| HN Mirror

Y	Hacker News new \| ask \| show \| jobs

by skafoi 1774 days ago

Regarding the performance on neo4j: the challenge for an honest and fair test towards this would be about how to properly compare a server-based solution vs. a serverless solution. TiloDB automatically scales up and down without any further interaction due to using Lambdas for all calculations. So would you compare it with a relatively small neo4j instance or with a large cluster? I honestly don't know.
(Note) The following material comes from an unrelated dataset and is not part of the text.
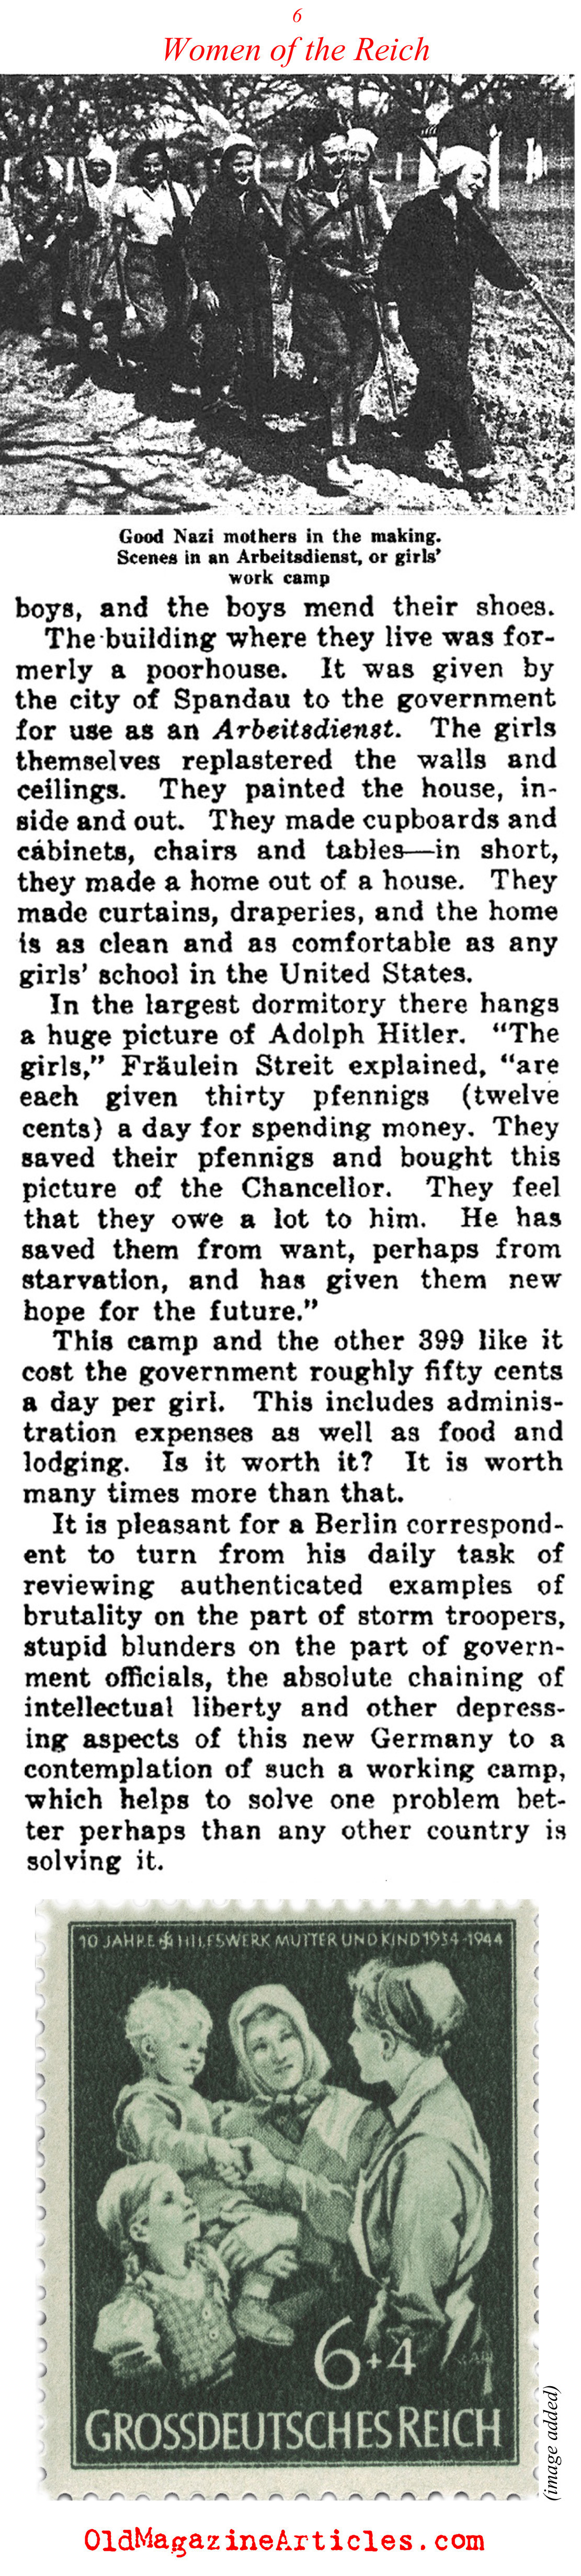 A Woman's Place Within the Third Reich (Collier's Magazine, 1933)

When we started doing this internally for our previous company, we obviously did test the edge cases. After all, we didn't want to create our own solution. For graph databases, the issue here are either a lot of edges leaving from one node or a long chain of edges. The first scenario was still handled okish: response times of around 6 seconds for 1.000 nodes if I remember correctly. The second scenario was a total fail. The problem for the later one lies in the transitivity as a graph database has to jump from one node to the next one and so on. To be fair though: when it comes to dynamic entities, so choosing which rules are relevant, graph databases might be the better choice - especially when response times don't matter.

The response times provided in the article are for the whole process of searching and returning the entity. The indexes themself are obviously a lot faster - to be precice we are using DynamoDB for storing the indexes, which most times return results in <10ms. Compared to other databases this may still sound slow, but we know that we won't run into scaling issues in this way and that's kind of what matters currently most for us.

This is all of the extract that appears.